1

I am new to the web scraping topic with R and Rvest. With rvest you can scrape static HTML but I have found out that rvest struggeling to scrape data from heavy JS based Sites.

I found some articels or blog posts but they seems depricated like https://awesomeopensource.com/project/yusuzech/r-web-scraping-cheat-sheet

In my case i want scrape odds from Sport Betting Sites but with rvest and SelectorGadget this isnt possible in my Opinion because of the JS.

There is an Articel from 2018 about scraping Odds from PaddyPower(https://www.r-bloggers.com/how-to-scrape-data-from-a-javascript-website-with-r/) but this is out dated too, because PhantomJS isnt available anymore. RSelenium seems to be an option but the repo has many issues https://github.com/ropensci/RSelenium.

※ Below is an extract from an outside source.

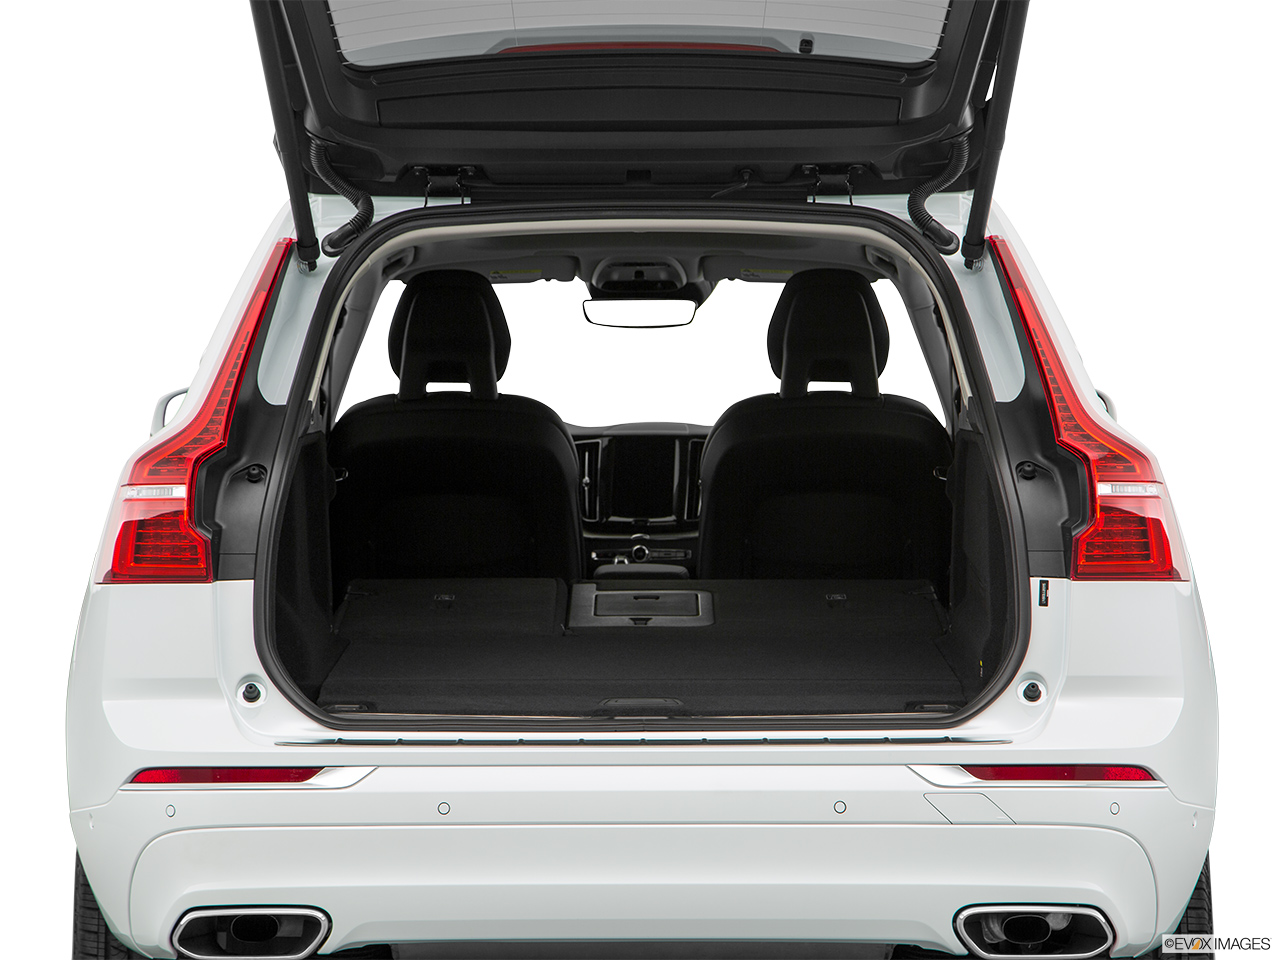 2019 Volvo XC60 T8 Inscription eAWD Plug-in Hybrid Hatchback & SUV rear angle.

So is it possible to work with RSelenium in its current state or what options do I have instead of RSelenium?

kind regards

pontilicious
  • 239
  • 2
  • 12
  • 1
    Docker installation of RSelenium worked for me following this article : https://towardsdatascience.com/web-scraping-google-sheets-with-rselenium-9001eda399b0. Be aware that on some sites you might be confronted with an [anti-bot Captcha](https://stackoverflow.com/a/62455705/13513328) – Waldi Sep 13 '20 at 10:35
  • will try. hope its not to complicated... – pontilicious Sep 13 '20 at 10:44
  • 1
    Hi pontilicious. Just be careful that you are not violating the terms and conditions of the sports betting sites by scraping their data. I think most such sites would explicitly forbid that in their T&Cs – Allan Cameron Sep 13 '20 at 11:18

1 Answers1

1

I've had no problems using RSelenium with the help of the wdman package, which allowed me to just not bother with Docker. wdman also fetches all binaries you need if they aren't already available. It's nice magic.
Here's a simple script to spin up a Selenium instance with Chrome, open a site, get the contents as xml and then close it all down again.

library(wdman)
library(RSelenium)
library(xml2)

# start a selenium server with wdman, running the latest chrome version
selServ <- wdman::selenium(
  port = 4444L,
  version = 'latest',
  chromever = 'latest'
)

# start your chrome Driver on the selenium server
remDr <- remoteDriver(
  remoteServerAddr = 'localhost',
  port = 4444L,
  browserName = 'chrome'
)

# open a selenium browser tab
remDr$open()

# navigate to your site
remDr$navigate(some_url)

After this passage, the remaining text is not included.